Dataset section |
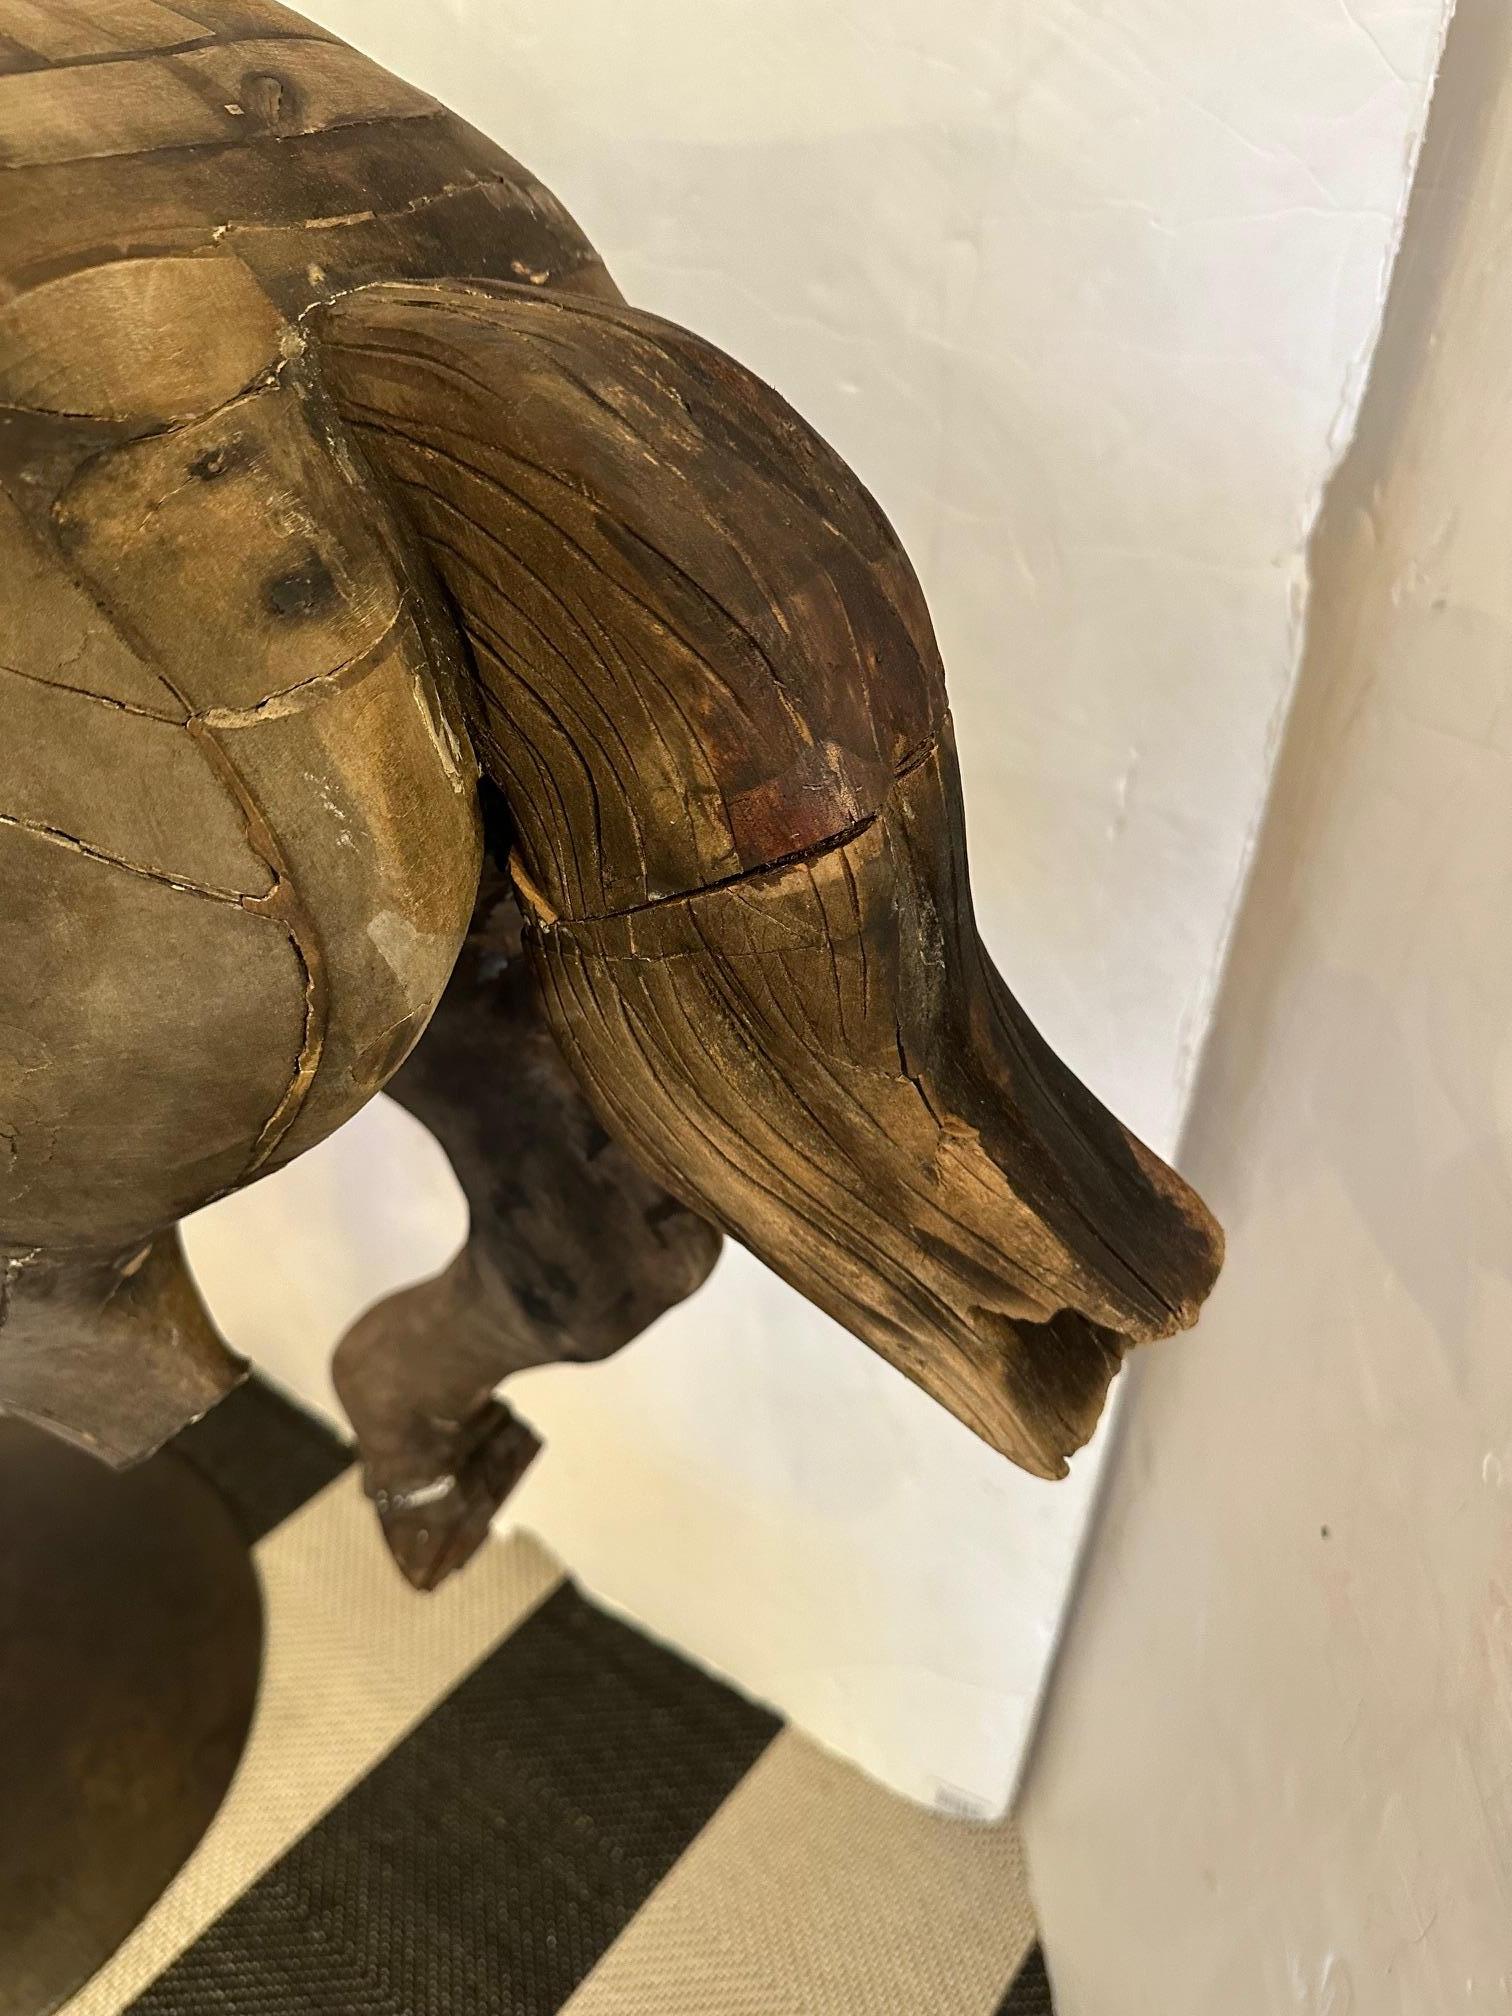 Fantastische antike gefunden unlackiert Karussell Pferd Form mit notleidenden Holz, erstaunlichen Charakter, und hübsche benutzerdefinierte Eisen stehen.  Es ist eine beeindruckende Volkskunstskulptur von monochromer Schönheit mit all den fehlenden
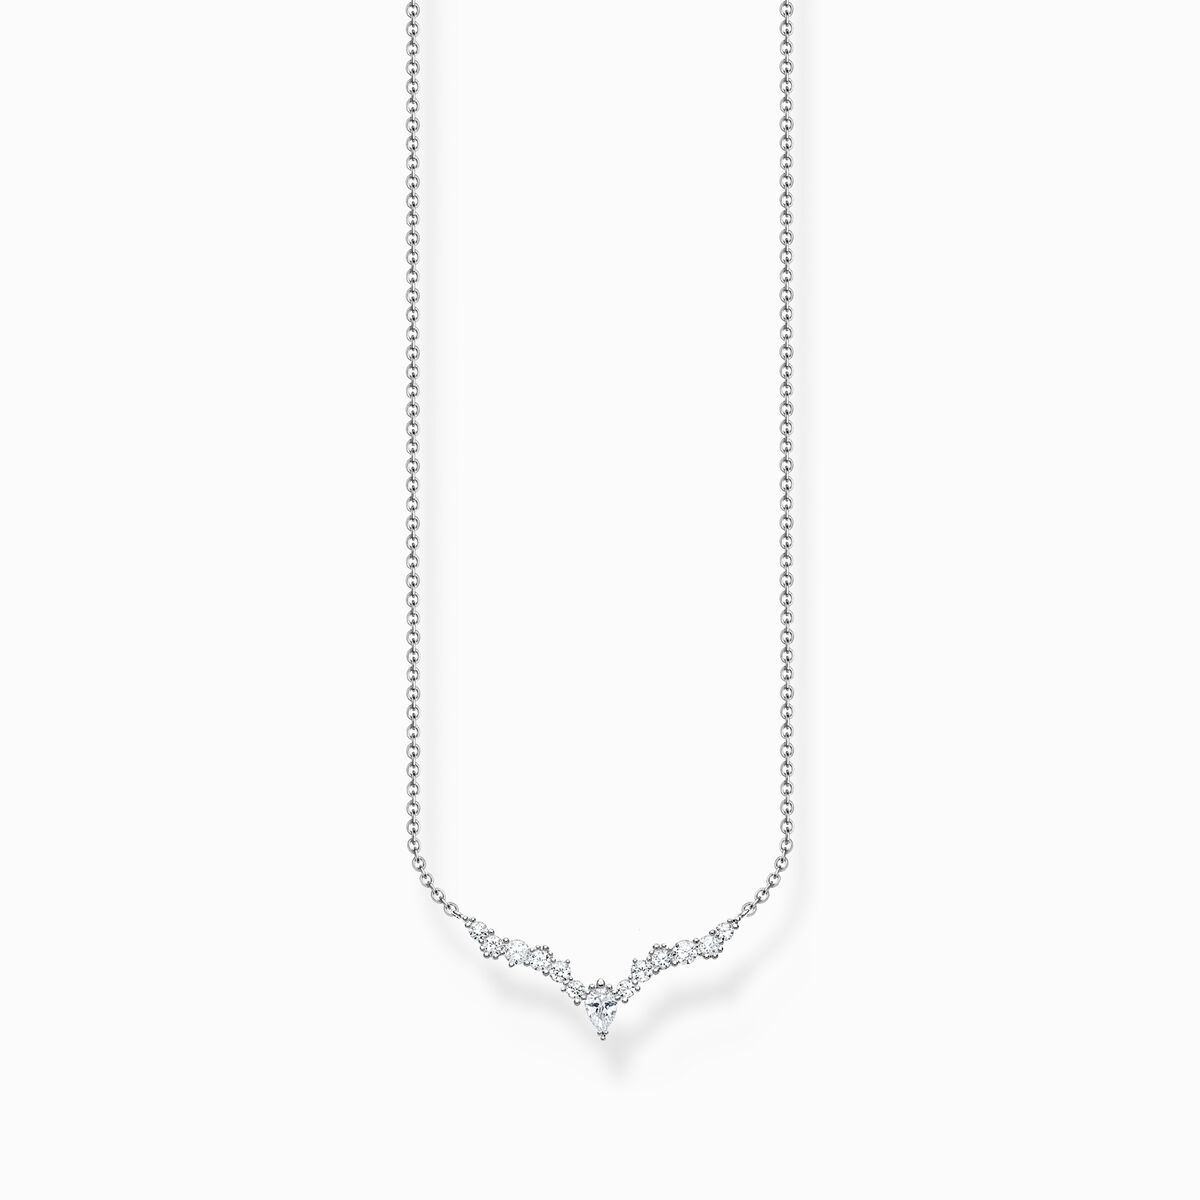 Halskette mit weißen Zirkonia-Steinen, Silber SABO | THOMAS
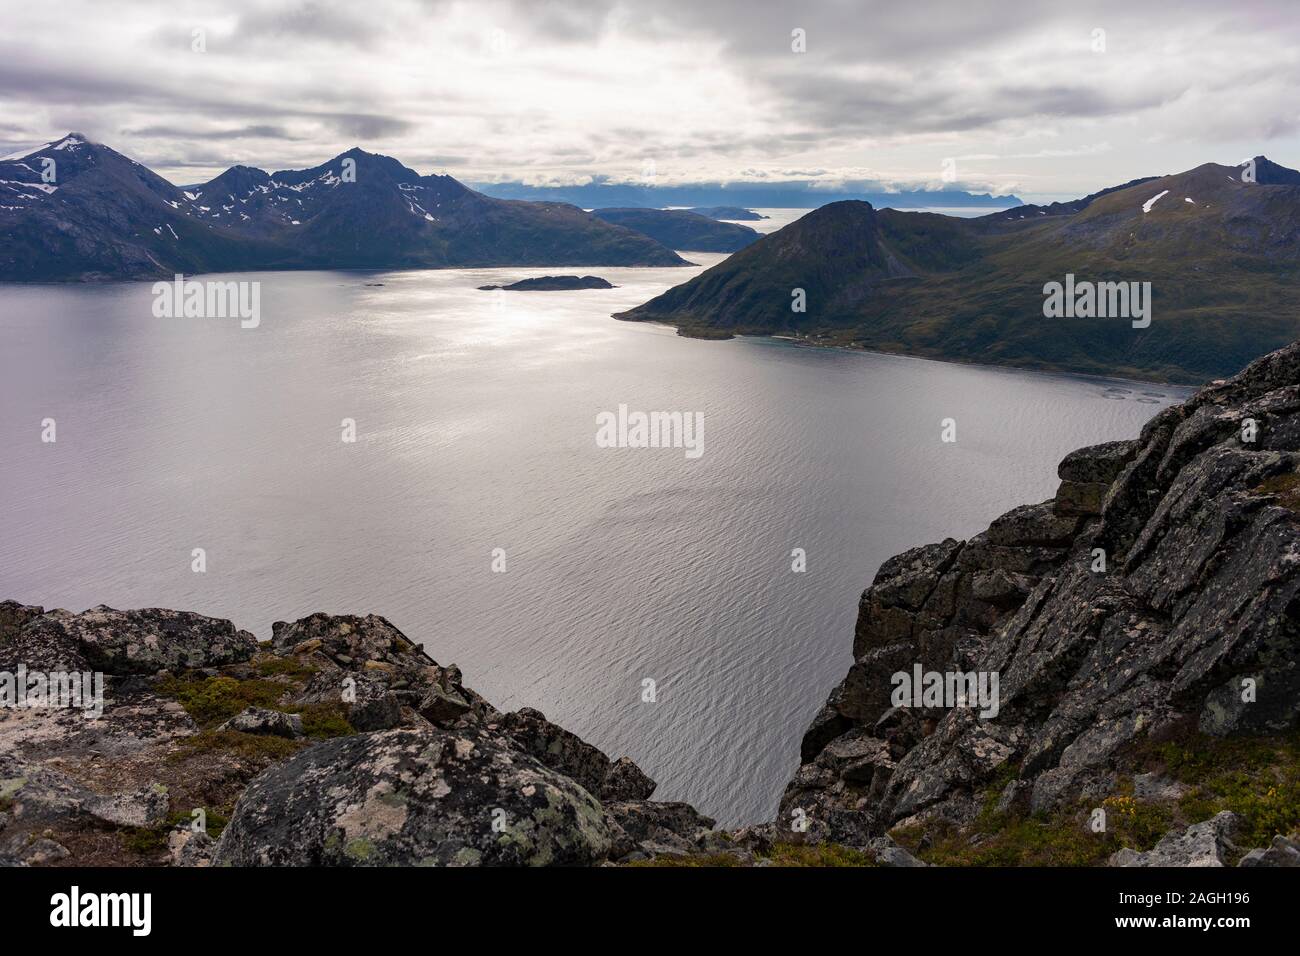 L'ÎLE DE KVALØYA, REKVIK, comté de Troms, NORVÈGE - Vue sur mer à partir de Brosmetinden mountain. Banque D'Images

What is needed | Please write the data out again exactly, but do not carry over the pictures.

Task solution |
 Fantastische antike gefunden unlackiert Karussell Pferd Form mit notleidenden Holz, erstaunlichen Charakter, und hübsche benutzerdefinierte Eisen stehen.  Es ist eine beeindruckende Volkskunstskulptur von monochromer Schönheit mit all den fehlenden
 Halskette mit weißen Zirkonia-Steinen, Silber SABO | THOMAS
 L'ÎLE DE KVALØYA, REKVIK, comté de Troms, NORVÈGE - Vue sur mer à partir de Brosmetinden mountain. Banque D'Images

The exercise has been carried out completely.